During the development process, you iteratively experiment with new ML algorithms and modeling approaches where the experiment steps are orchestrated and tracked. You can then select an appropriate model and push the source code of the ML pipeline to the source code repository.
When changes are detected in the source code repository, it triggers a Git-based CI/CD workflow that starts the automated CI/CD pipeline process. During the build stage, the ML pipeline and its components are built with its dependencies in the form of packages, container images, and executables.
After the ML pipeline and its components are successfully built with dependencies, you then proceed to the testing stage. In the pipeline CI process, there are three components of automated testing for ML systems:
Unit tests can include tests for feature engineering logic and methods implemented in the model. The purpose of these for ML systems is to capture bugs in feature-creation code and detect possible errors in your model specifications.
Besides unit tests, you also need data and model tests in the pipeline CI process. Data tests include validating the data to check its schema and statistical properties, as well as feature importance tests to measure data dependencies. Model tests include model training convergence to check that the loss of the ML model decreases over iterations and model performance validation to ensure the ML model is not overfitting or underfitting the training data.
Lastly, integration tests in the pipeline CI process include testing each component in the ML pipeline to check that they produce the expected output, as well as integration testing between pipeline components to validate that each stage of the ML pipeline is successfully completed and the resulting ML model performs as expected.
During the Pipeline continuous delivery (CD) process, the CI/CD pipeline continuously deploys new ML pipeline implementations that in turn perform continuous training (CT) of ML models for prediction.
During CT of the ML model in the pipeline CD process, the deployed ML pipeline is automatically triggered for model retraining in production based on triggers from the live ML pipeline environment. Model retraining could be triggered either per a schedule, due to model performance degradation, or due to significant changes in data distributions of the features used for prediction (also known as concept drift). The trained ML model is then automatically deployed as a model prediction service as part of the model CD process.
Continuous monitoring of your model’s performance based on live data in production enables the detection of model performance degradations and concept drift so that the CT pipeline can be automatically triggered to retrain and deploy an updated ML model based on more recent data.

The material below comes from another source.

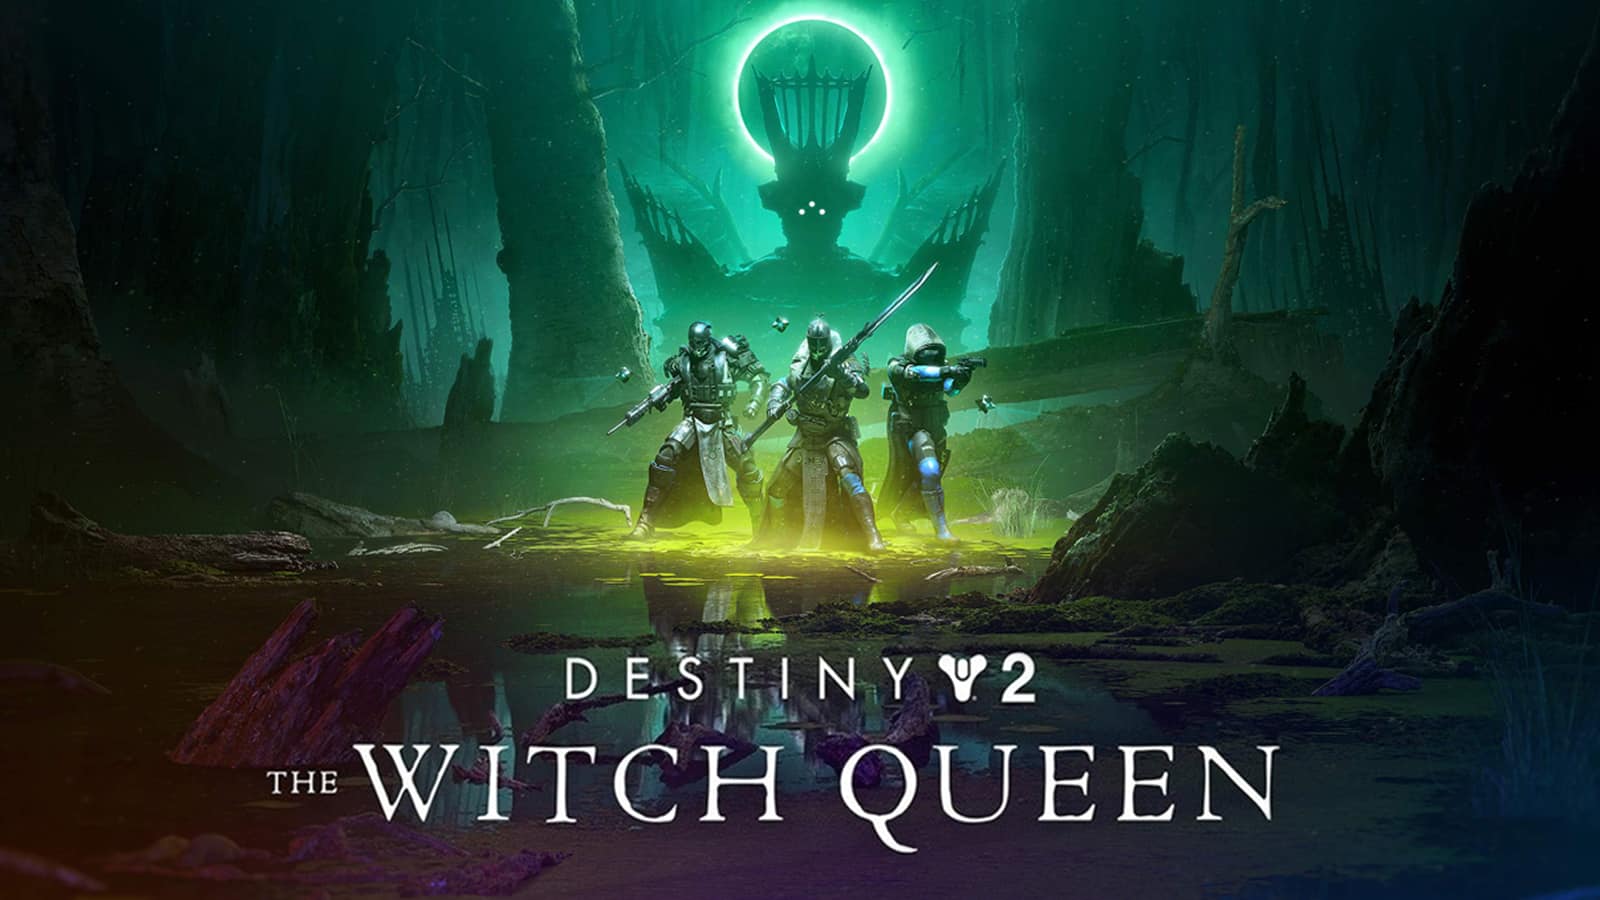 Destiny 2 The Witch Queen Expansion Datum vydání vydání Savathon Story Trailer Uniká více
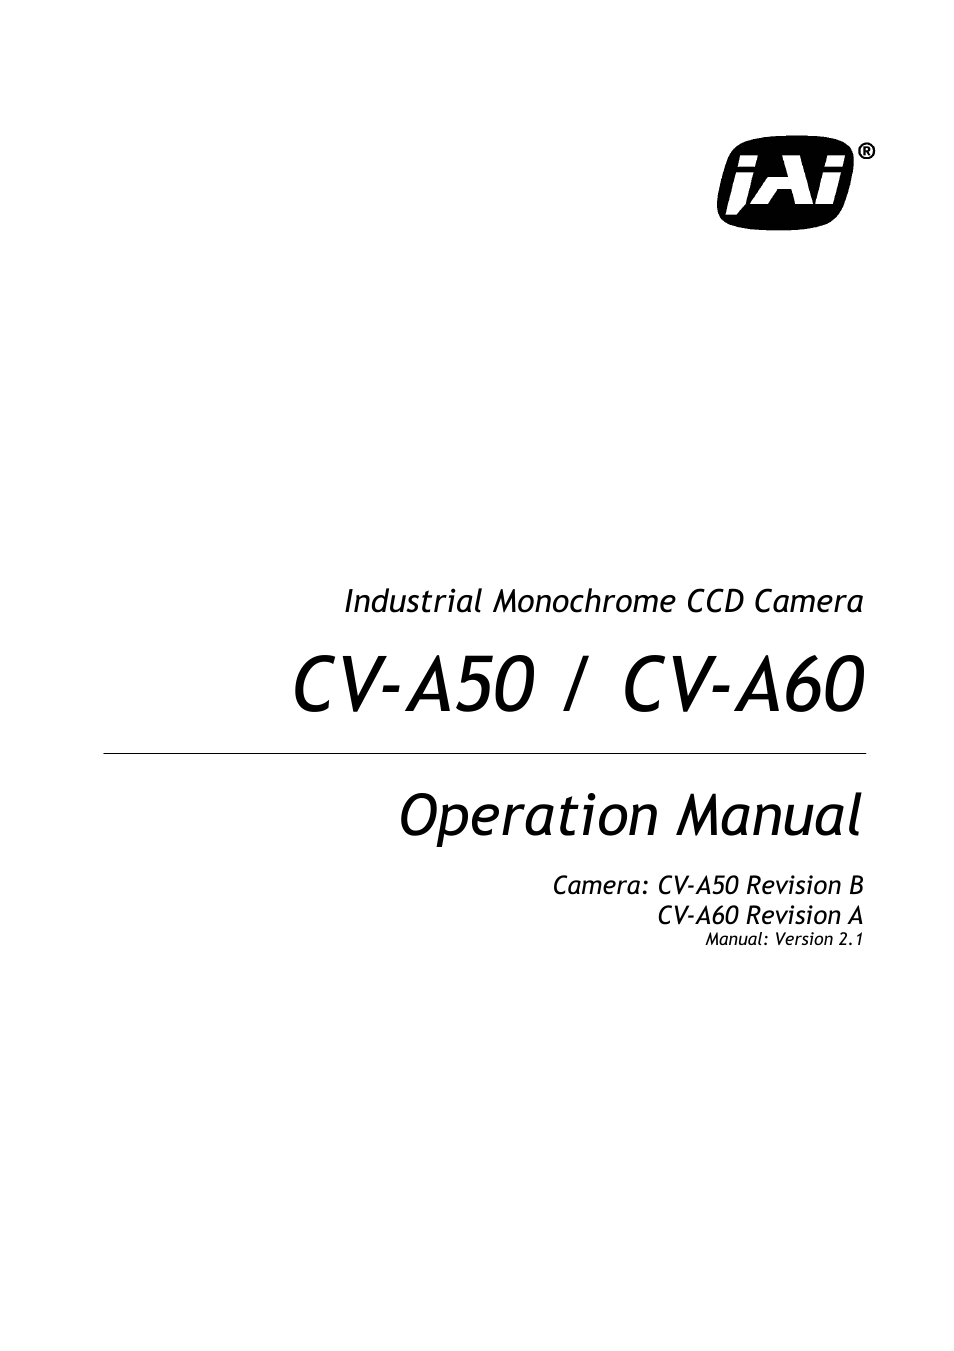 CV-A60

Implementing ML in a production environment is not just about deploying an ML model for prediction. Setting up a CI/CD system for ML enables you to automatically build, test, and deploy new ML pipeline implementations and iterate rapidly based on changes in your data and business environments. You can gradually implement CI/CD practices in your ML model training and ML pipelines as part of your MLOps processes to reap the benefits of automating your ML system development and operationalization.